Title: Re: bot_akimot update
Post by arimaa_master on Feb 2^nd, 2009, 5:07am

Nice,
good luck with your bot (you will definitely need some - 1800 rating to achieve in less then 6 months will be quite an achievement I guess).

Title: Re: bot_akimot update
Post by tize on Feb 2^nd, 2009, 8:55am

This sounds like what I'm planing for my bot_carlos, good luck with akimot.

Hopefully it will prove to be, at least, as good as alpha-beta pruned minimax.

Title: Re: bot_akimot update
Post by omar on Feb 5^th, 2009, 9:56pm

Hi sleepywind,

Thanks for giving us some information about your bot. It is always interesting to see what new ideas are being tried out. Best of luck with Akimot. Hope you will enter it into the bot tournament next year. BTW what university are you in?

Title: Re: bot_akimot update
Post by sleepywind on Feb 6^th, 2009, 6:51am

Thank you. Yes, next year I would like to enter the bot tournament. I study at Charles University at Prague/Czech Republic, my master programme is Artificial Intelligence.

Title: Re: bot_akimot update
Post by omar on Feb 14^th, 2009, 10:09pm

It will be interesting to see if an Arimaa bot using UCT will be competitive with some of the other top bots.

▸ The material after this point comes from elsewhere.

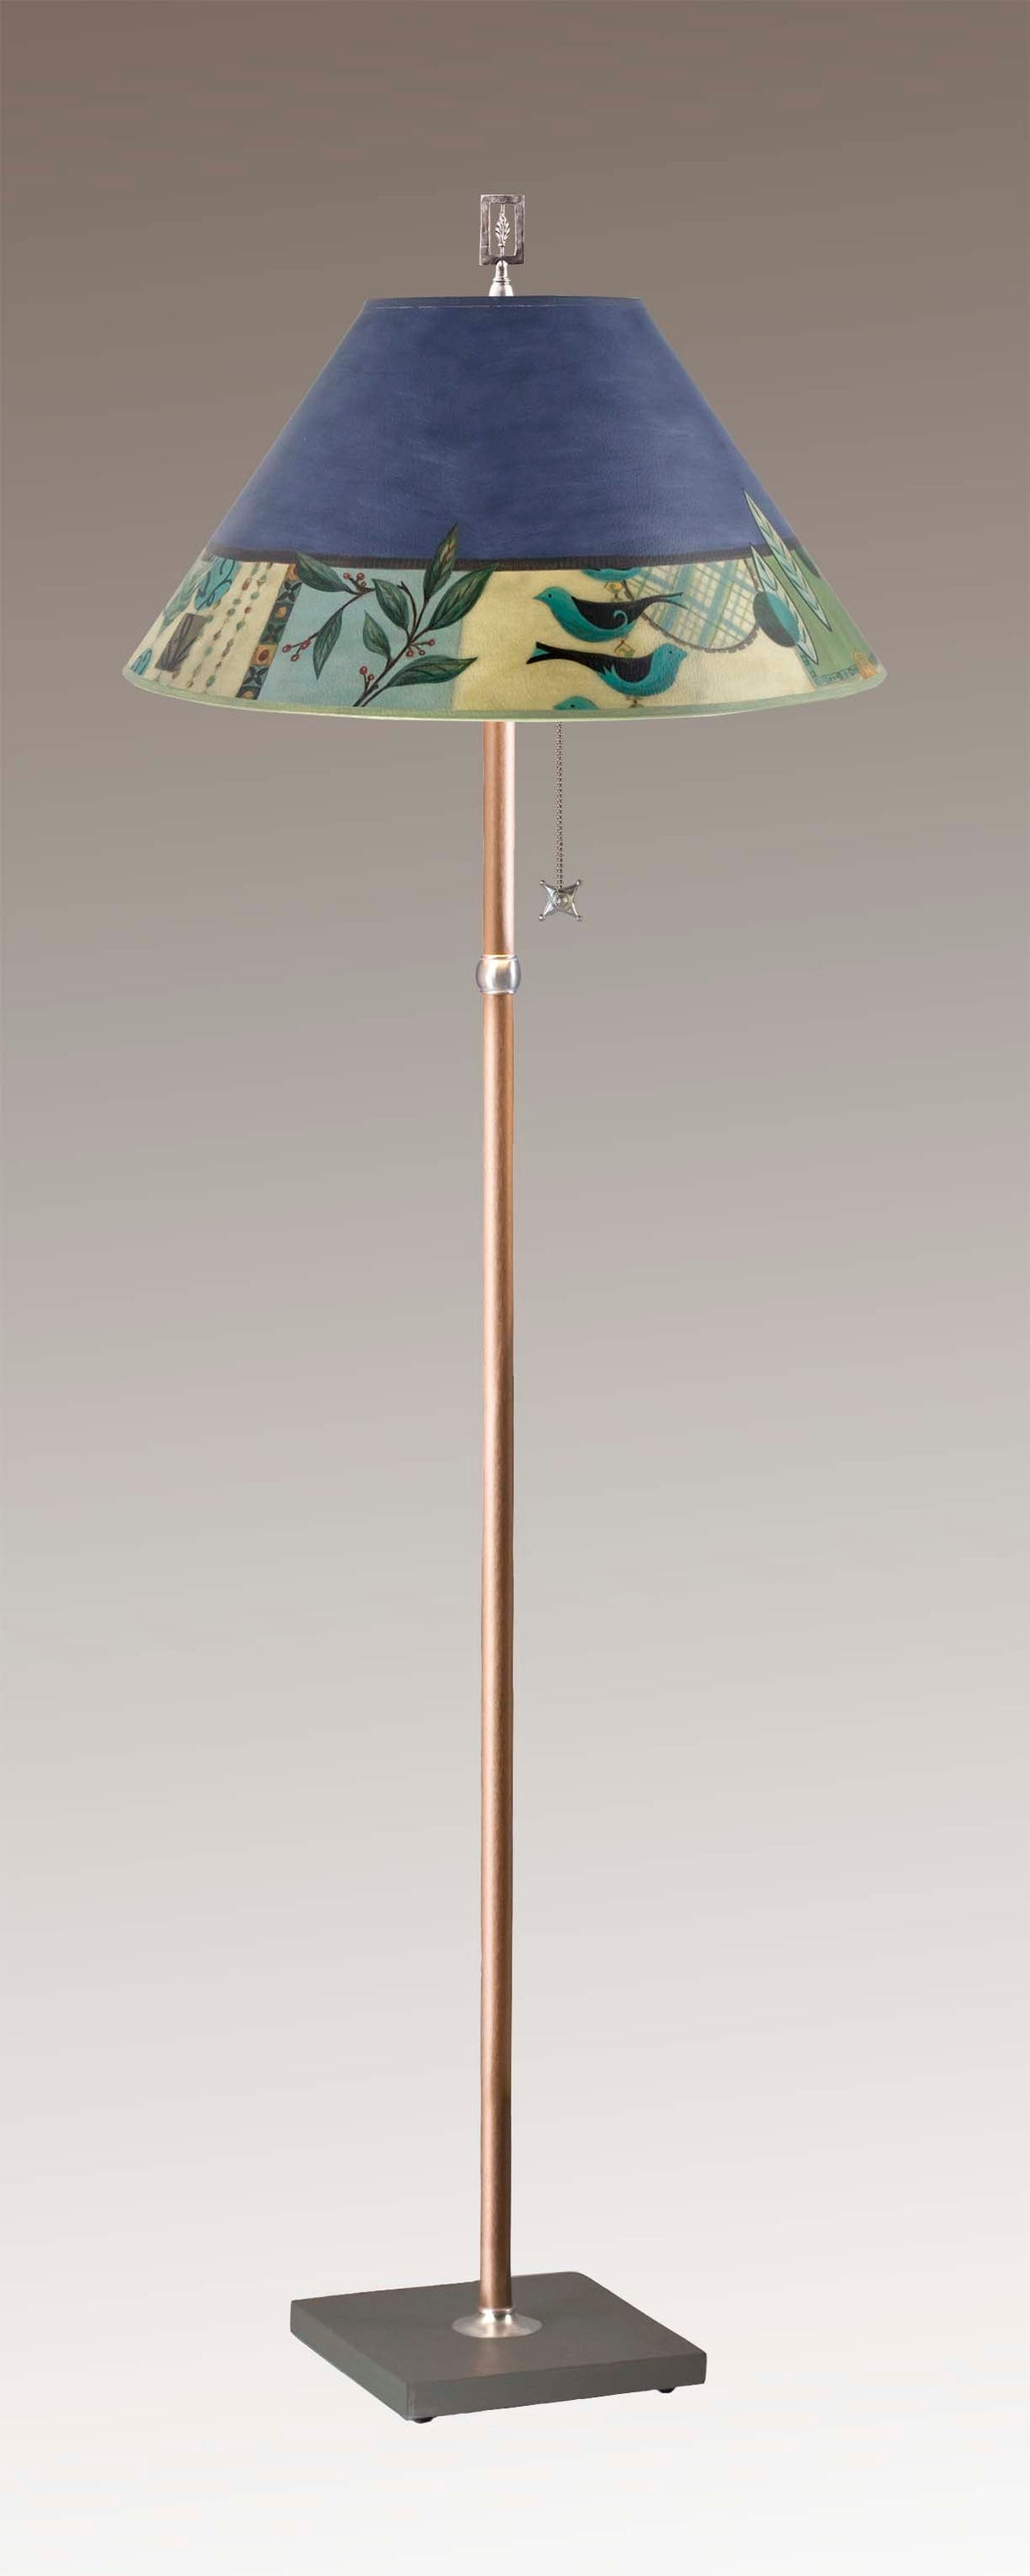 Copper Floor Lamp with Large Conical Shade in New Capri Periwinkle

UCT has been somewhat of a break through for Go programs, but I think jdb's attempts to use it with bot_clueless did not go well. Karl mentioned to me that in Arimaa random play would tend to encourage advancing rabbits without support; generally a bad thing. Some enhanced to UCT would probably be required to apply it to Arimaa.

Title: Re: bot_akimot update
Post by sleepywind on Feb 16^th, 2009, 2:46am

Actually, main motivation for me to start a work on a UCT-based arimaa program was to try out sucessful approaches in computer go (UCT) in a fundamentally different board game. I can only confirm what was previously written couple of times in this forum, that to-the-end-of-the-game playouts just don't work in arimaa becouse of overrated rabbit values. But in my opinion combination of (a) UCT tree + (b) short playout + (c) static evaluation might provide a good base for reasonably playing program. This way, in theory, bot could benefit from : more human-like approach of move selection (=a) than in alpha-beta, ability of potential further lookahead (=b playouts right now are set to length of 3 moves) + reasonable evaluation of positions based on piece values, trap evaluations, etc. (=c). Tactical weakness (compared to alpha beta bots) will be an issue though ...

Title: Re: bot_akimot update
Post by BlackKnight on May 2^nd, 2009, 9:30am

May I kindly ask whether you have any new information about Akimot for us? Thanks.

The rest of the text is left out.